Maybe there’s a different tactic: tell students how the classics end up front. Make the ending a promise, then let the movie be the how and why. To illustrate, here are a few deliberately wrong, gleefully modern alternate endings to beloved films — the kind of punchlines that might at least get someone to sit down long enough to see the original.
– The Godfather: Michael Corleone has a change of heart, closes the family crime operation, and pivots the olive oil business into the Corleone Knitting and Yarn Shop of Brattleboro, Vermont. New slogan: Make them a sweater they can’t refuse.

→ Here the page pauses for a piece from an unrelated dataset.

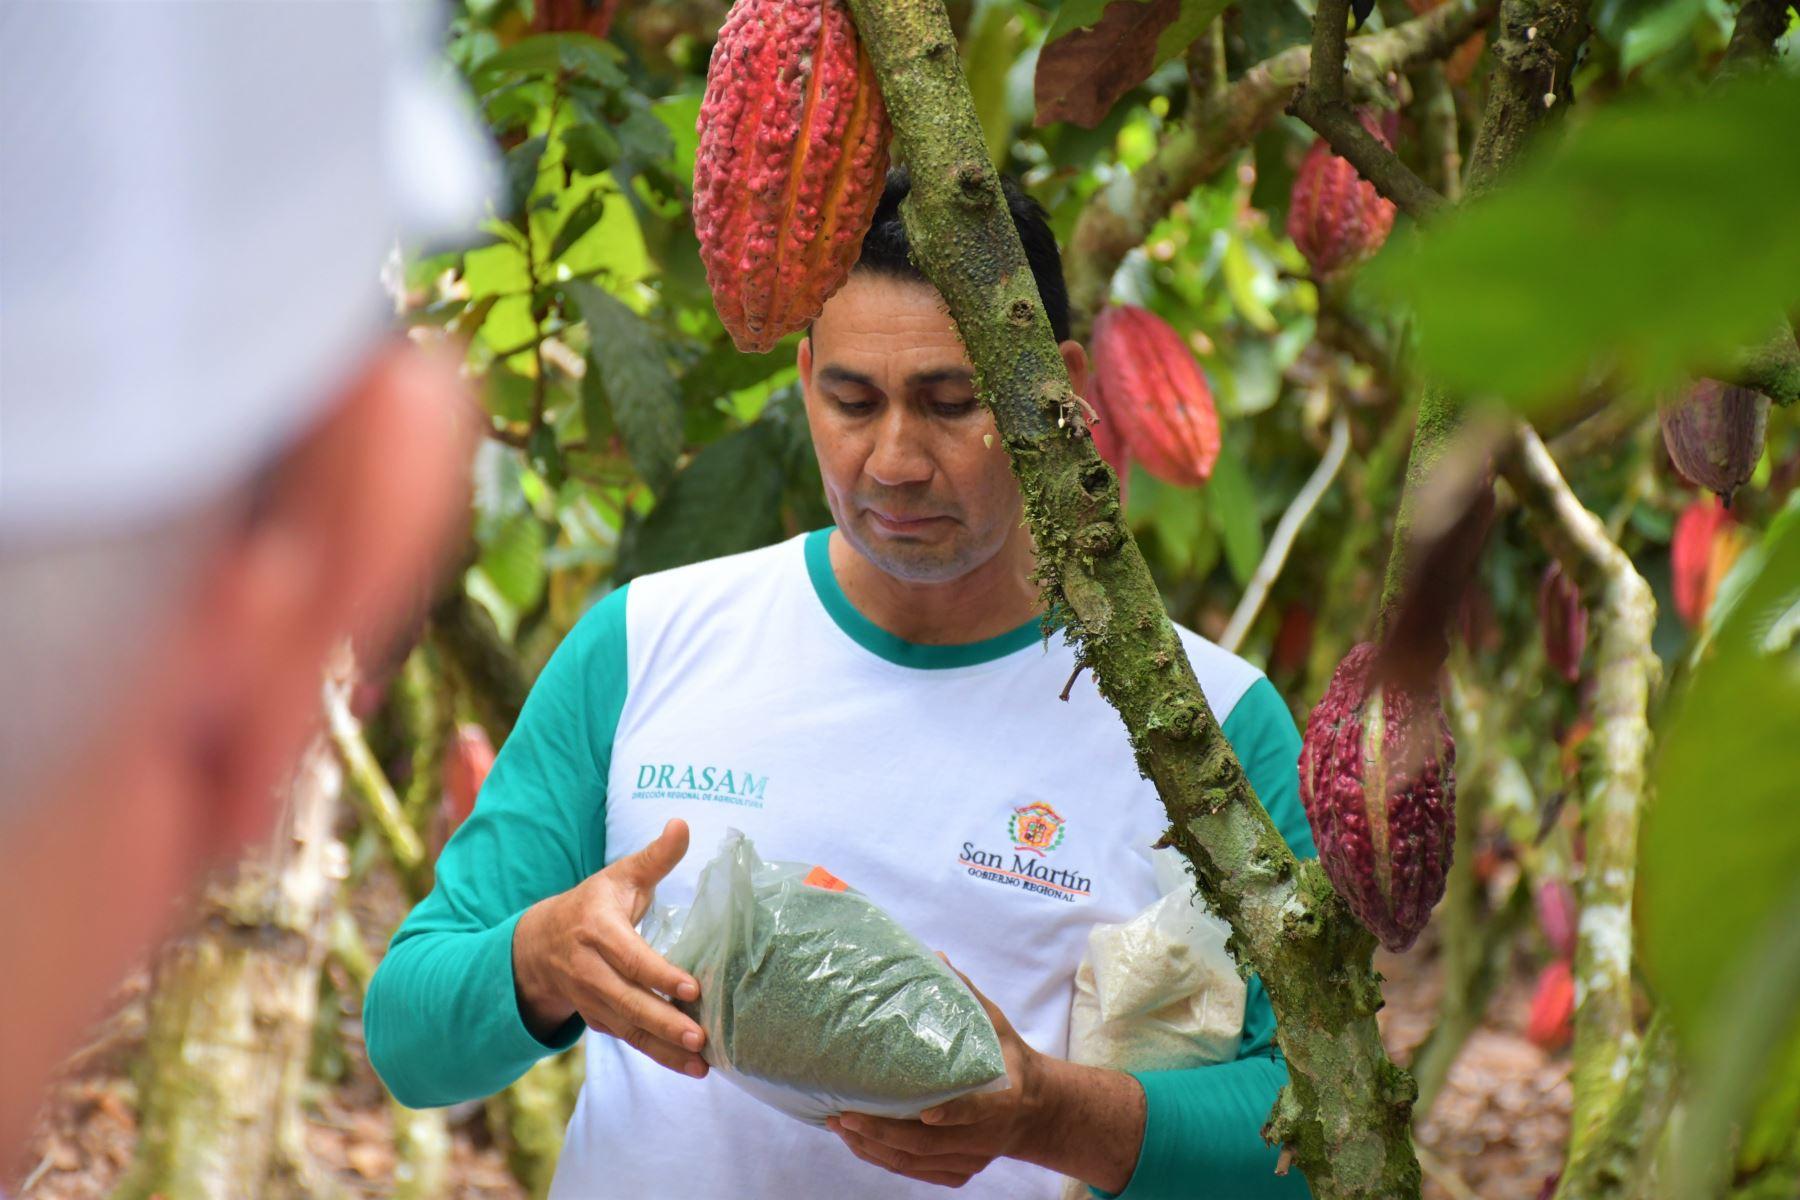 Investigación científica en San Martín logra reducir presencia de cadmio en plantas de cacao. ANDINA/Difusión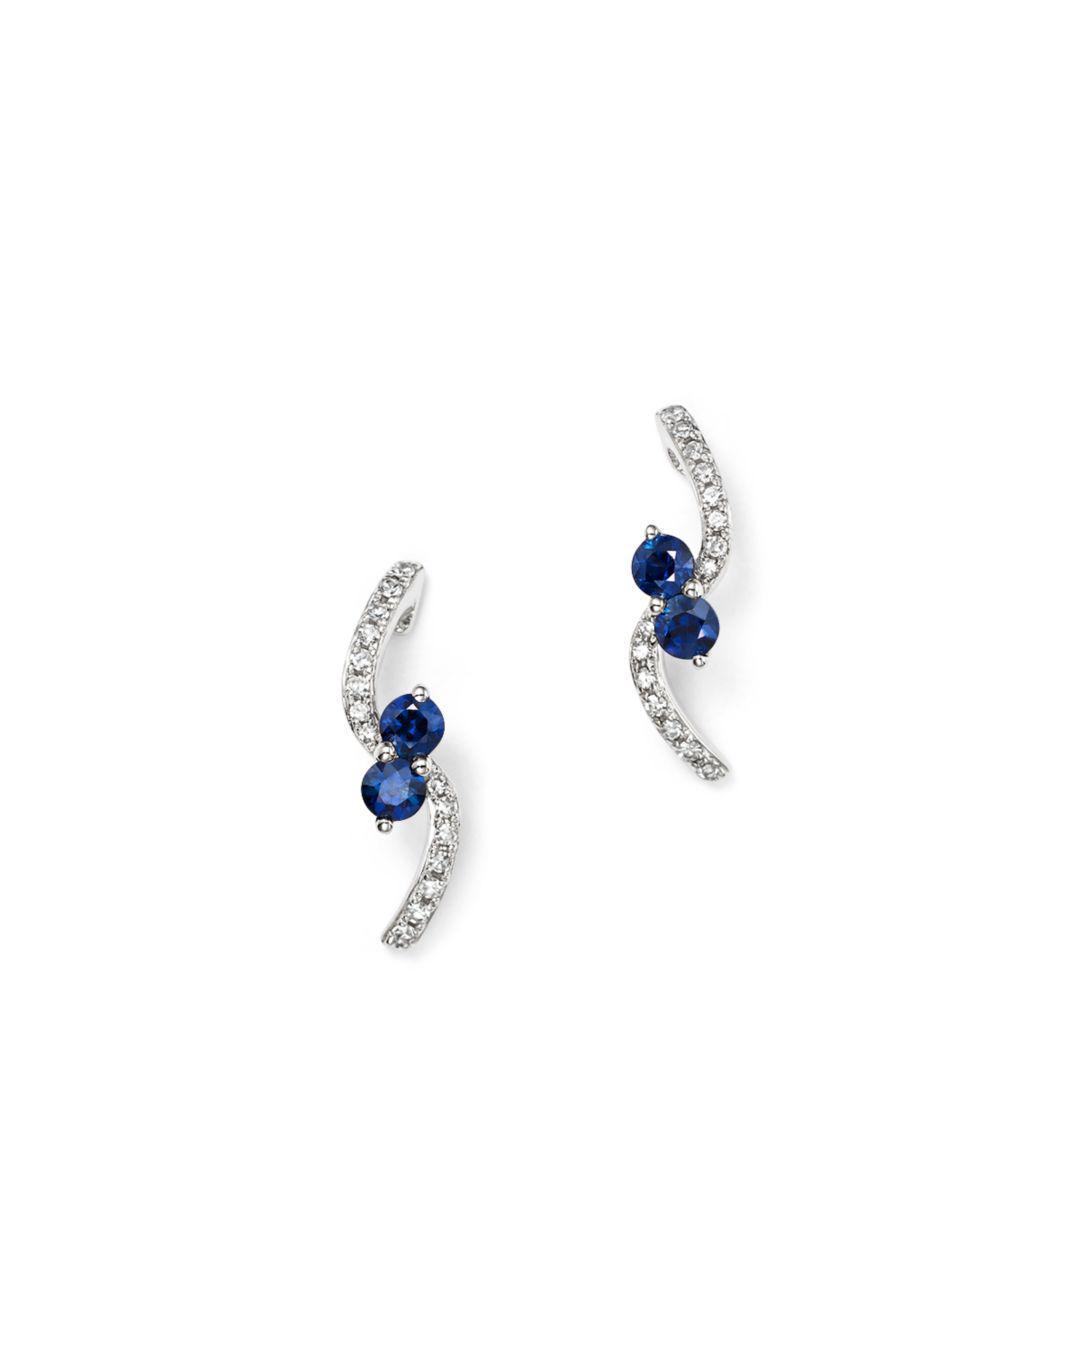 ba6af9237 Gallery. Previously sold at: Bloomingdale's · Women's Diamond Earrings

– Casablanca: Ilsa lets Victor Laszlo board the plane alone, then walks back onto the tarmac and tells Rick both of them they don’t need validation. She storms into Rick’s nightclub and tells the band, play ‘Roar’ — and they do.
– The Wizard of Oz: Dorothy wakes in Kansas and insists she only dreamed Emerald City. Her doctor blames it on cough syrup. Side effects, he says: drowsiness, nausea, and visions of a Tin Woodsman, Scarecrow, and Cowardly Lion.
– The Seven Samurai: After one last raid, the samurai decide they’ve had enough wandering. They teach the villagers basic defense and suggest, somewhat awkwardly, installing a neighborhood security system.
– E.T.: The kindly extraterrestrial botanist teaches about life and love — then encounters earthly bureaucracy, is taken by immigration officers, and ends up in a pop-up detention center somewhere in the Ozarks. (A melancholy sendoff that makes E.T.’s domestic lessons feel oddly more urgent.)
– Titanic: Jack and Rose both try to balance on the same floating plank. It tilts; Rose nudges Jack into the water with a shrug. Sorry, she says, you’re on a third-class ticket. Go catch a ride on a mackerel.
These alternate endings are absurd on purpose. The point isn’t to replace the originals but to use surprise, humor, and blunt spoilers as hooks. If students know the finish line, they may watch to see how filmmakers get there — to savor the choices, the craft, and the misdirections. Reveal the ending, then ask: why did the scene matter? What changed? How did the director earn that final beat?
Reveal the ending, and you might reclaim a few minutes of focus. Or at least get a few laughs while you try.